We were referred last week and he had a x ray and ultrasound.
The ultrasound revealed one adrenal gland is enlarged. Again the IMS said that cushings was a possibilty and that he needs further tests to try and rule it out as it is so hard to diagnose.
So today he is back at his regular vets for further tests.
He has had some further bloodwork done which has revealed significant improvements in his liver values (i don't have copies yet but will ask for some later today)
His clinical signs have also improved with his drinking and peeing back to normal and no panting.
I'm trying not to get my hopes up as the vet said that the clinical signs can come and go and that we may have caught it really early.
What I'm trying to understand is that even if the 2 tests come back negative today he may still have cushings? Because of the enlarged adrenal gland?
What sort of treatment is advised in this instance - where he shows no clinical signs?
Would removal of the adrenal gland be appropriate.
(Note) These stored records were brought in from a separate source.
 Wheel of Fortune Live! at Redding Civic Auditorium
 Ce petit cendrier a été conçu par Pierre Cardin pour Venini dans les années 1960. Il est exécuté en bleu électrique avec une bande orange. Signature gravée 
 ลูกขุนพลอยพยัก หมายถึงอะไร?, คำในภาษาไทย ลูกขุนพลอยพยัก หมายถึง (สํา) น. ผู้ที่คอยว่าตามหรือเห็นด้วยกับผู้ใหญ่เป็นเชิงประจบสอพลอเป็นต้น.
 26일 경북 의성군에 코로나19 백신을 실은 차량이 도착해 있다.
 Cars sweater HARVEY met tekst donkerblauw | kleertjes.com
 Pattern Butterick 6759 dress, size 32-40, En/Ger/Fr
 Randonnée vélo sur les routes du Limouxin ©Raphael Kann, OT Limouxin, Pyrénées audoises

Thanks in advance for any advice or questions I should be asking my vets.
labblab
09-19-2016, 09:08 AM
Hello and welcome to you and Barney!
The majority of Cushing's cases in dogs result from pituitary tumors, and in those instances it would be very unusual for overt symptoms to come and go if the disease is left untreated. A much smaller percentage of dogs suffer from adrenal tumors, and there is one rare type -- the pheochromocytoma -- that is often associated with intermittent symptoms that result from "bursts" of hormone overproduction. This type of tumor can cause the more traditional types of Cushing's symptoms such as excessive thirst and urination. But the greatest short-term dangers stem from blood pressure spikes and heart/stroke risks resulting from overproduction of epinephrine.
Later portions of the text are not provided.